The fact that they can use funds of the Foundation for projects that:
- (a) aren't about keeping the servers/site up, and
- (b) are often times politically biased
shows the grown parasitism that now exists within the Foundation.
Backup however many copies you can. *When* the Foundation collapses in on itself, it'll be because the parasites have drained it of all of its resources, and they'll scurry off to their next host to begin the cycle anew. All that will be left for us is a hollow husk of biased writings & rose-tinted lenses, funded with our tax dollars & well-meaning donations.
I think a collapse is unlikely to happen. Even if "parasitism" is the right mental model, these aren't parasites that kill their host.
What will likely happen is Wikipedia survives, remains extremely prominent, but becomes politically polarized and loses trust of those outside its faction.
> All that will be left for us is a hollow husk of biased writings & rose-tinted lenses, funded with our tax dollars & well-meaning donations.
That will be the view of some, but others will see it as a shining, righteous hammer to beat their opponents with.

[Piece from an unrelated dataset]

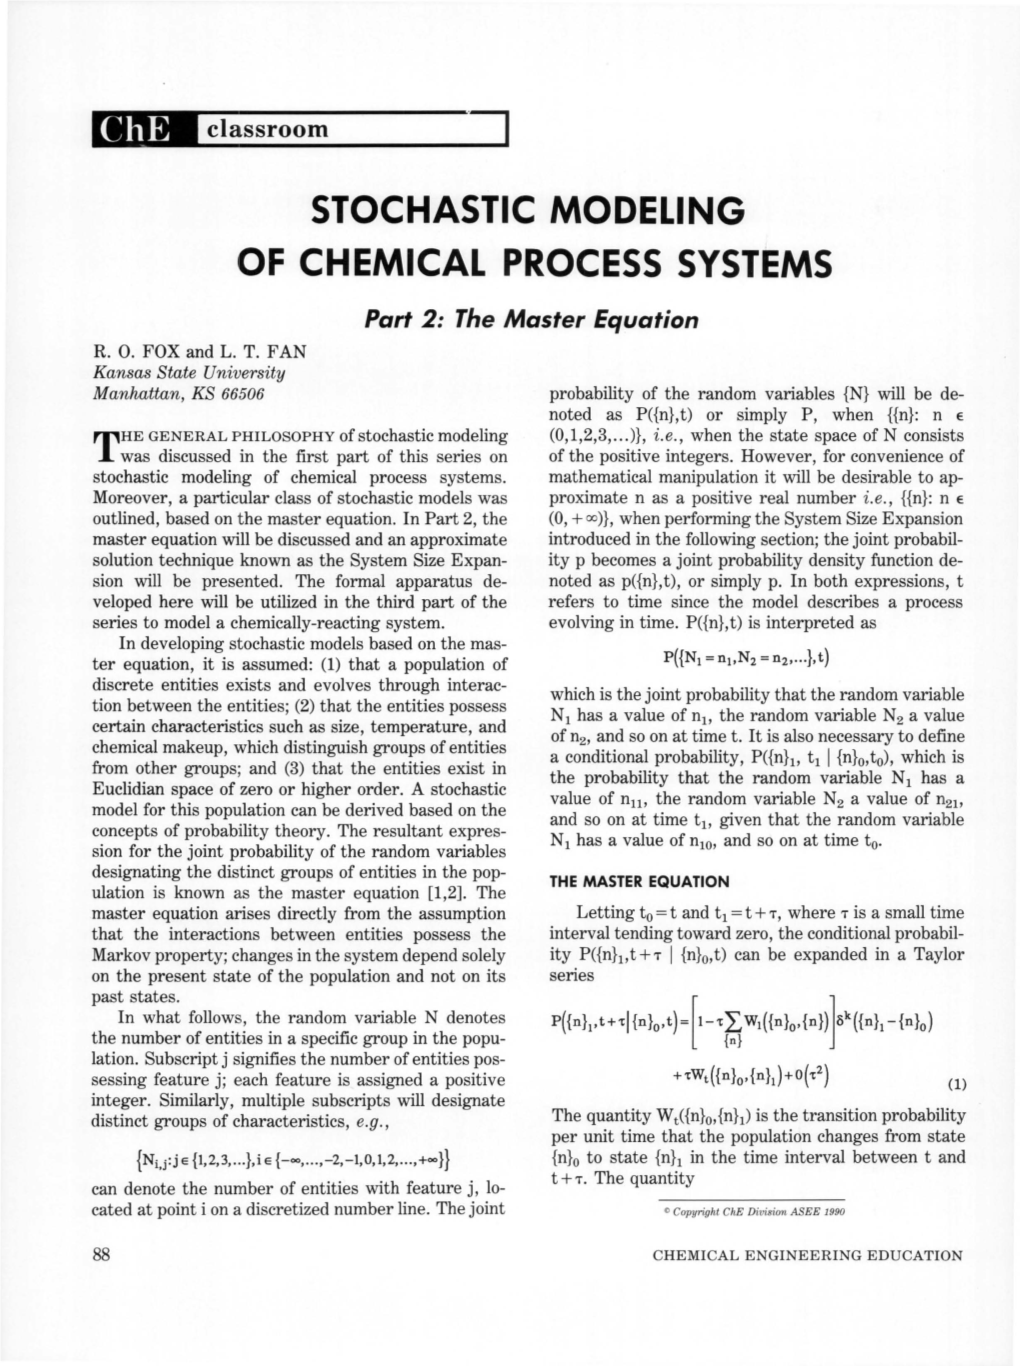 STOCHASTIC MODELING of CHEMICAL PROCESS SYSTEMS Part 2: the Master Equation R

The task to respond to that situation is an extremely difficult one 1) create fork that doesn't turn into an opposite-polarization cesspit, 2) burn away Wikipedia's goodwill, which is what makes it valuable to faction you call "parasites."
No doubt the wikipedia is left-tarded as are most institutions but it doesn't appear to me that wikimedia has captured it yet. The two appear to be operating quite independently for the most part. The article talks a lot about wikimedia funding and its pretty clear that its fully left-tarded. But there is no indication other than one editor firing that wikipedia itself is being affected directly.

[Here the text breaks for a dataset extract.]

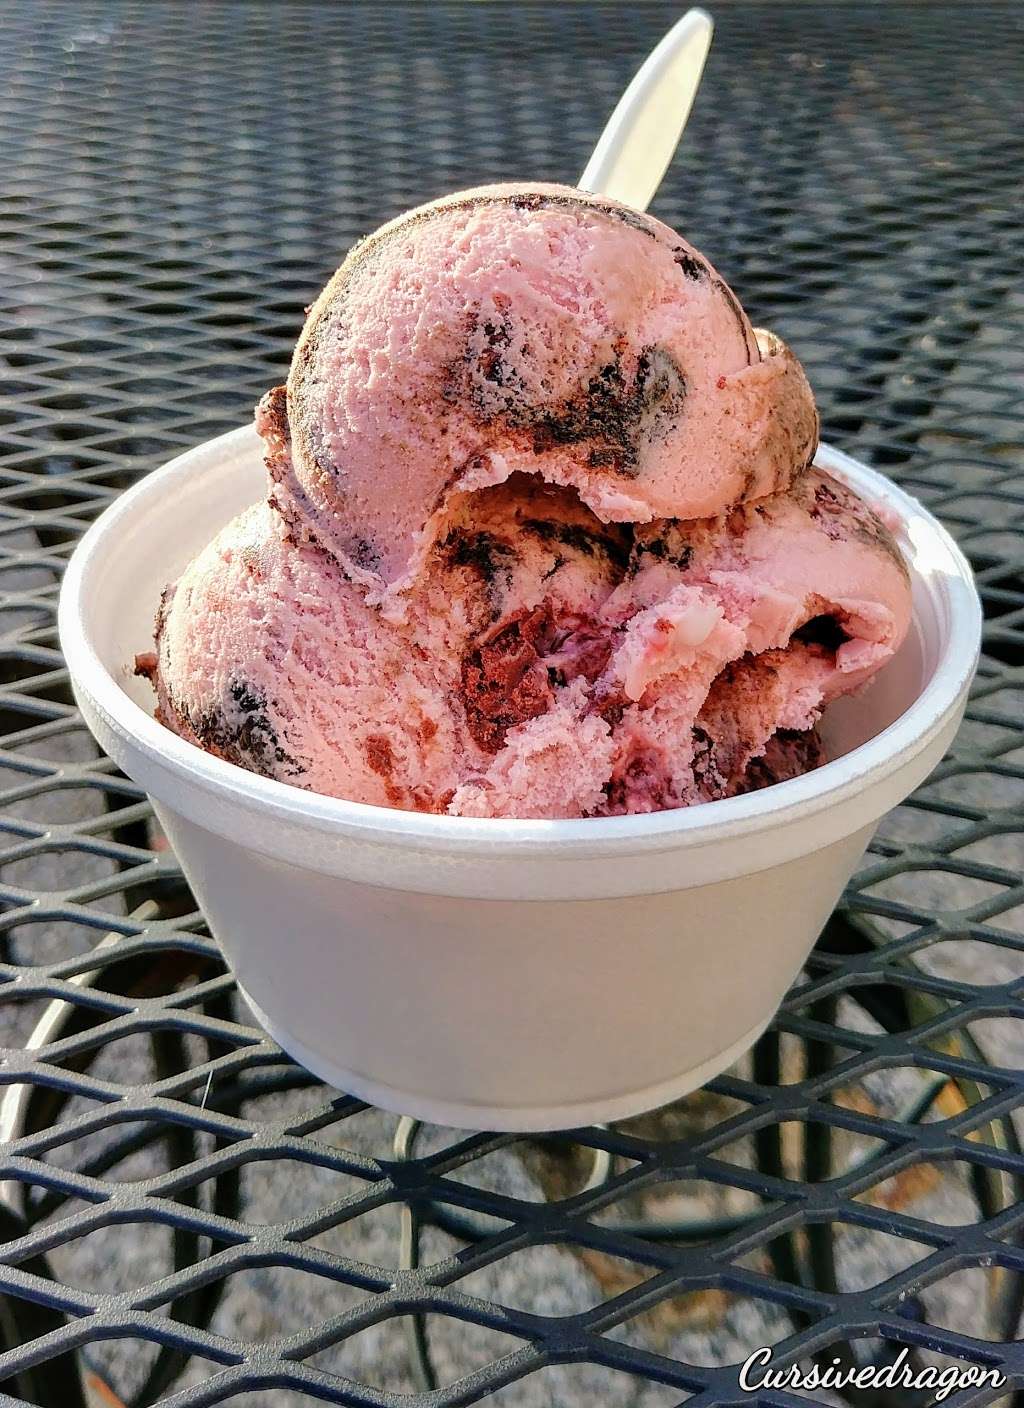 Uncle Wigglys Ice cream | 6911 York Rd, Baltimore, MD 21212 | Phone: (410) 377-3373
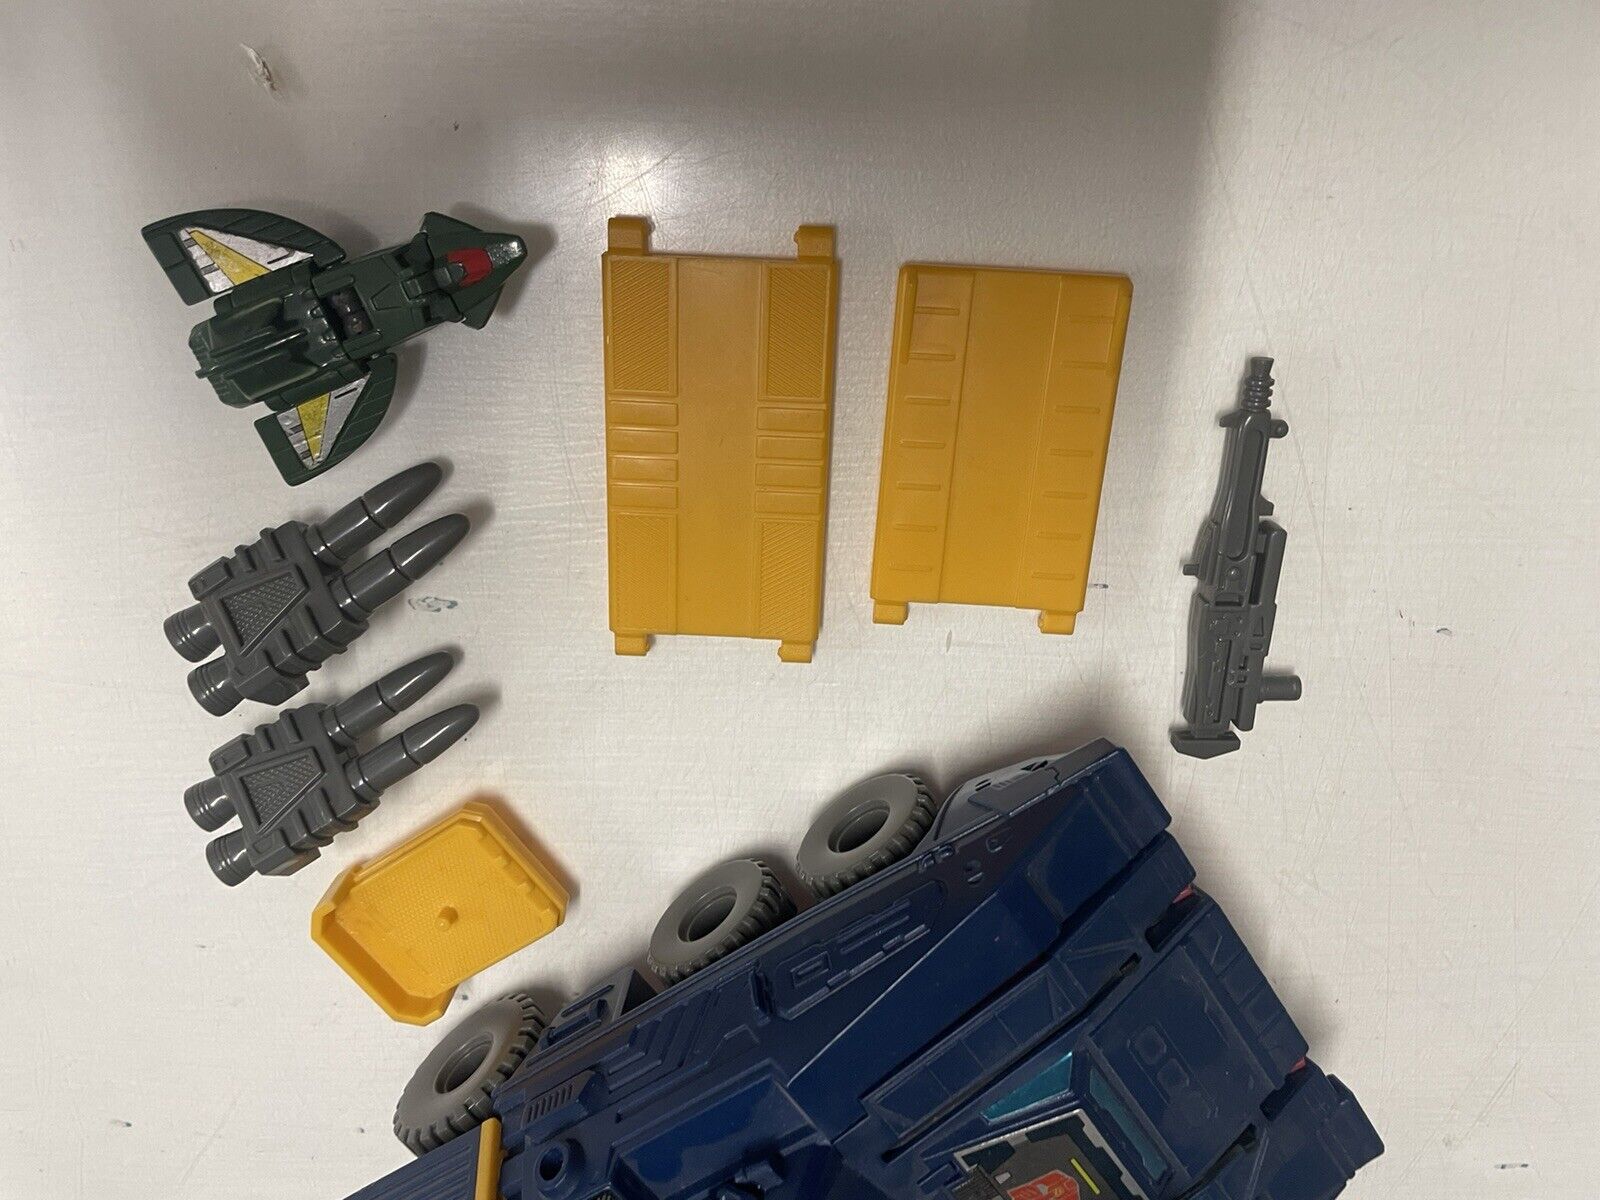 TRANSFORMERS-g1-Micromasters-Groundshaker-completo-144990617893-2

Its similar to Nature. The editorial pages and blogs are filled with social justice nonsense. But the actual journals are filled with just regular nonsense..they have yet to reach peak nonsense.
Wikipedia is an interesting one because I suspect the culture that drives Wikipedia is a mystery to ousiders. It is to me. It didn't seem to be partisan, it didn't claim to be technocratic, it officially wasn't interested in divining the truth from research. Didn't seem to be religious, didn't seem to be geographically centred. Given the incredible public good the editors are responsible for it'd be impolite to observe many of them are unhinged but the thought does occur.

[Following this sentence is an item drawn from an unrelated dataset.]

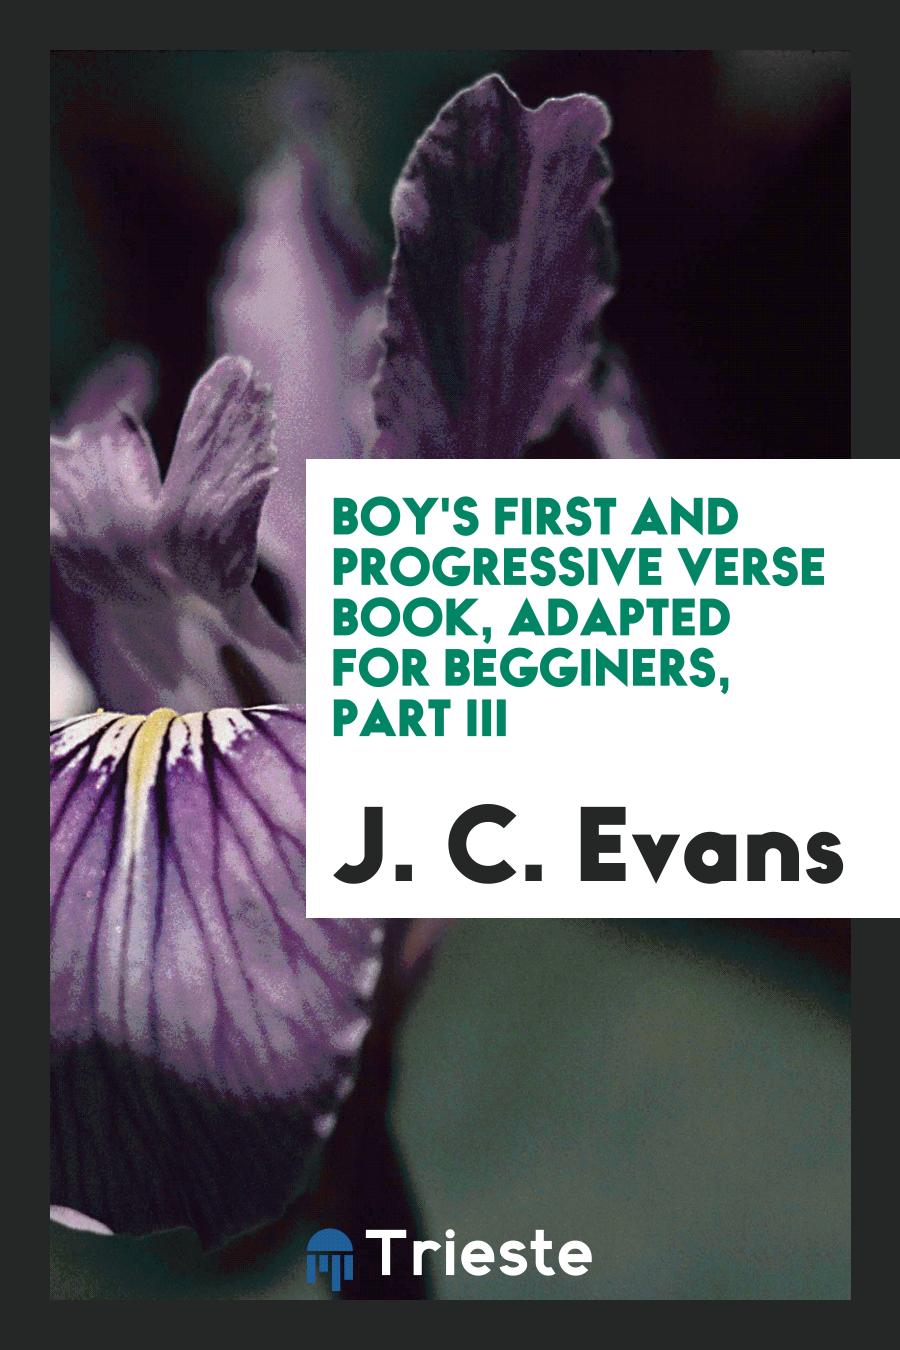 Boy's First and Progressive Verse Book, Adapted for Begginers, Part III

Anyway; whatever culture it is the retrospective process of watching its successes or failures will be a marvel. The political activists are brutally competitive and I'd expect them to win except I don't understand who the Wikipedia people actually are and whether they will be able to reform around a new project after Wikipedia itself, inevitably, falls to barbarians.
IMHO, a big part if it is actually ideological battle, at least nowadays. Individuals and cliques going about on little crusades to impose their views. If there's a conflict, there's a long, slow bureaucratic battle where, through the selective enforcement of existing policies and setting new ones, one side emerges victorious and gets to impose its view.
The starting point for the selective enforcement was "what side would your typical basement-dwelling geek favor," but that's evolved over time.
The other big part is pedantry.
> Given the incredible public good the editors are responsible for it'd be impolite to observe many of them are unhinged but the thought does occur.
Honestly, I think that's table stakes for playing the Wikipedia game. Anyone else gives up quickly.